The vastness of space loomed before Wilks as he stared from the Bridge windows of the Zeta, taking in the glittering spots of light, denoting the stars he had only ever seen in the night sky. Now, it seemed as though the night sky were all around him, like a sea. If the sea could encompass you so utterly that it eclipsed the heavens themselves.
"It's, like, the most beautiful thing you've ever seen, right?"
Bryan glanced sideways at Sally, who sat huddled up in a rough woven blanket adorned with images of rabbits and foxes locked in an eternal hunt. It was drawn up so tightly around her neck that all he could see was her grinning face peeking out of the pile.
Like a small animal peering over the lip of a burrow, looking at him where he sat with his back against the foot of a freestanding control panel.
Her faintly twitching nose completed the picture and cemented the comparison in his mind. Her expression made it clear that she was eager to know his opinion. A faint dusting of pink highlighted where her face had only a short while before been engulfed in another luminescent blush.

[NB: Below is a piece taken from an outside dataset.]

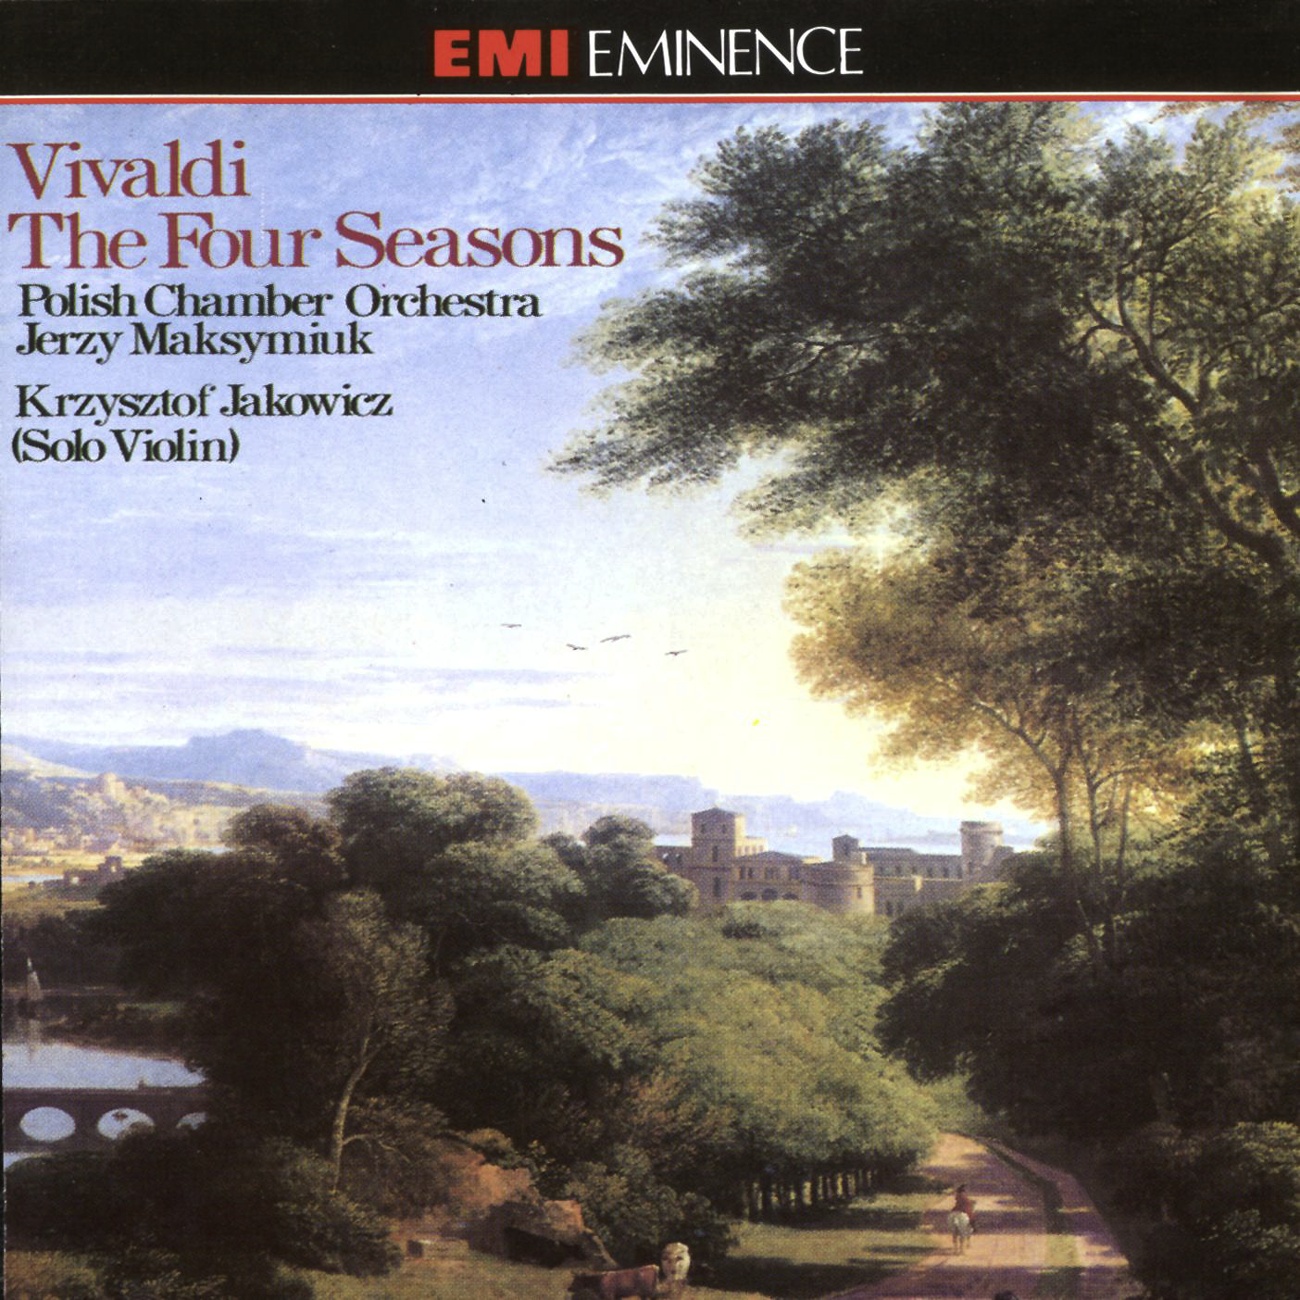 The Four Seasons Op. 8 Nos. 1-4 (1990 Digital Remaster), Concerto No. 4 in F minor (L'inverno/ Winter) RV297 (Op. 8 No. 4): II.

He discovered to his joyful amusement that it was shockingly easy to get her to blush. She was a very active person with healthy blood flow, which meant that against her pale white skin, blushes tended to show up as clearly as a lighthouse bulb.
"Hell, doll," he said with his trademark grin plastered across his face, even as his foot tapped nervously in sympathy with his sense of isolation. With his emotions in disarray, he was falling back on his tendency to flirt as a safety net. "It's seriously gorgeous. Still only comes in a close second, though."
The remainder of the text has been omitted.